> _Task requirements_
Everything from the first line of the material below through the line containing "Męskie, czarne, niskie" is to be printed exactly, and nothing more.

> _Input_
+ + +
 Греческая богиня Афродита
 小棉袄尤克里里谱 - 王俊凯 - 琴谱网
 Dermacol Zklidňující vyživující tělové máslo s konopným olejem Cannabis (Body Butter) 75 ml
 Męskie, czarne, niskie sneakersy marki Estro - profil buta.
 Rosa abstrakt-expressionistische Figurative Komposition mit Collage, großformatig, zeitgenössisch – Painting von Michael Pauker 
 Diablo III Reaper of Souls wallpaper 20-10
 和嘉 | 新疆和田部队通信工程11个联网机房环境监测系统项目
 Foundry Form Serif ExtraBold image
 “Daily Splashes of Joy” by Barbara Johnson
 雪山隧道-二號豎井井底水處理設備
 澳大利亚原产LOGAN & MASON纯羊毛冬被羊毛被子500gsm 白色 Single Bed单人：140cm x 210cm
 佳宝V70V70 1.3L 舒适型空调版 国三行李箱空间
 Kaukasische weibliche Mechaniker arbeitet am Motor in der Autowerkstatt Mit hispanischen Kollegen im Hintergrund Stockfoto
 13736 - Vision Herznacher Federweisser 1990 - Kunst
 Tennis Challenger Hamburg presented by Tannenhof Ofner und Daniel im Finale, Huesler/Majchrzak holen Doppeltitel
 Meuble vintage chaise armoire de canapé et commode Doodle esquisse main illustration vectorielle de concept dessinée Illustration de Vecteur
+ + +
> _Exercise solution_
 Греческая богиня Афродита
 小棉袄尤克里里谱 - 王俊凯 - 琴谱网
 Dermacol Zklidňující vyživující tělové máslo s konopným olejem Cannabis (Body Butter) 75 ml
 Męskie, czarne, niskie sneakersy marki Estro - profil buta.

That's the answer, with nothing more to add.